** THE DATA follows **
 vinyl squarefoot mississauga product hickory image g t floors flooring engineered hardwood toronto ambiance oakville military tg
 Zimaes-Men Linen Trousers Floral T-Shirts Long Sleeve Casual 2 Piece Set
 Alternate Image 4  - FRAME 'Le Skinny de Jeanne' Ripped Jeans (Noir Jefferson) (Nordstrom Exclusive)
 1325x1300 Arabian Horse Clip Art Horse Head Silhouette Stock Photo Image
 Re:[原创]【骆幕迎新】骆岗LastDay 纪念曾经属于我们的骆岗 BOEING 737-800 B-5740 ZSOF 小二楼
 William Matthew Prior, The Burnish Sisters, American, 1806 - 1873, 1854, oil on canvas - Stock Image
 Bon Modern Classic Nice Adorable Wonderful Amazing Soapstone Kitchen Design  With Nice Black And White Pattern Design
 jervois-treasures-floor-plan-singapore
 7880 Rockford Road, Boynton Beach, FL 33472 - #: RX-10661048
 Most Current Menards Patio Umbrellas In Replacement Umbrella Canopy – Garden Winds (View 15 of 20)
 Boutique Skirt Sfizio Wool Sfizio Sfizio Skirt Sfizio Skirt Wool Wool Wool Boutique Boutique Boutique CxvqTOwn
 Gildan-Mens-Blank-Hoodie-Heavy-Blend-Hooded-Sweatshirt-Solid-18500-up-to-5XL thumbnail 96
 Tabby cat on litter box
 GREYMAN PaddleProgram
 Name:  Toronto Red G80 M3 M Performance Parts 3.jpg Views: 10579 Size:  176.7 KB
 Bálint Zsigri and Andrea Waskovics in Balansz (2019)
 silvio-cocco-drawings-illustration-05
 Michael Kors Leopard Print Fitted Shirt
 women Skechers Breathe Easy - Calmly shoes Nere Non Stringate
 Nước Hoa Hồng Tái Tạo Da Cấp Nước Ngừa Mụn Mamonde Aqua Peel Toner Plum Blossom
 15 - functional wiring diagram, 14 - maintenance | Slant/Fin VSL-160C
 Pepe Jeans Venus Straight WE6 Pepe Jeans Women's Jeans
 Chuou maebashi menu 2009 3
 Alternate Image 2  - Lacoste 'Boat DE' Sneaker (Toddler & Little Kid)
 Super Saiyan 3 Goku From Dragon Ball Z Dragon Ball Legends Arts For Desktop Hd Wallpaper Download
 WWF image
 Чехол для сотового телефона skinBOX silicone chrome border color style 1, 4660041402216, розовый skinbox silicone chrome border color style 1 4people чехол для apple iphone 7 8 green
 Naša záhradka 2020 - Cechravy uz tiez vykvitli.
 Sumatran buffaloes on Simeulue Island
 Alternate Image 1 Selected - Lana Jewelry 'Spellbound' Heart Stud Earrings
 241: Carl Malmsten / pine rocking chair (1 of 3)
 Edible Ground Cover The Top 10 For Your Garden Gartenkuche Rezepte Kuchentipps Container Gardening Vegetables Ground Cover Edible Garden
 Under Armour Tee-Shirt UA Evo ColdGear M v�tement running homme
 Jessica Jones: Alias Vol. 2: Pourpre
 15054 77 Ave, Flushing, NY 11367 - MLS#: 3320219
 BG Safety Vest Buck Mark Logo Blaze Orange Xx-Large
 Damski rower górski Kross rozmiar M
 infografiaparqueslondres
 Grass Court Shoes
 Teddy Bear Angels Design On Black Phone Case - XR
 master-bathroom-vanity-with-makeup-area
** End of THE DATA **
- [PROBLEM TO WORK ON]: Please transcribe the data above without changes, from its first line to its "women Skechers Breathe" line, and leave out anything past that.

- [ANSWER SECTION]:
 vinyl squarefoot mississauga product hickory image g t floors flooring engineered hardwood toronto ambiance oakville military tg
 Zimaes-Men Linen Trousers Floral T-Shirts Long Sleeve Casual 2 Piece Set
 Alternate Image 4  - FRAME 'Le Skinny de Jeanne' Ripped Jeans (Noir Jefferson) (Nordstrom Exclusive)
 1325x1300 Arabian Horse Clip Art Horse Head Silhouette Stock Photo Image
 Re:[原创]【骆幕迎新】骆岗LastDay 纪念曾经属于我们的骆岗 BOEING 737-800 B-5740 ZSOF 小二楼
 William Matthew Prior, The Burnish Sisters, American, 1806 - 1873, 1854, oil on canvas - Stock Image
 Bon Modern Classic Nice Adorable Wonderful Amazing Soapstone Kitchen Design  With Nice Black And White Pattern Design
 jervois-treasures-floor-plan-singapore
 7880 Rockford Road, Boynton Beach, FL 33472 - #: RX-10661048
 Most Current Menards Patio Umbrellas In Replacement Umbrella Canopy – Garden Winds (View 15 of 20)
 Boutique Skirt Sfizio Wool Sfizio Sfizio Skirt Sfizio Skirt Wool Wool Wool Boutique Boutique Boutique CxvqTOwn
 Gildan-Mens-Blank-Hoodie-Heavy-Blend-Hooded-Sweatshirt-Solid-18500-up-to-5XL thumbnail 96
 Tabby cat on litter box
 GREYMAN PaddleProgram
 Name:  Toronto Red G80 M3 M Performance Parts 3.jpg Views: 10579 Size:  176.7 KB
 Bálint Zsigri and Andrea Waskovics in Balansz (2019)
 silvio-cocco-drawings-illustration-05
 Michael Kors Leopard Print Fitted Shirt
 women Skechers Breathe Easy - Calmly shoes Nere Non Stringate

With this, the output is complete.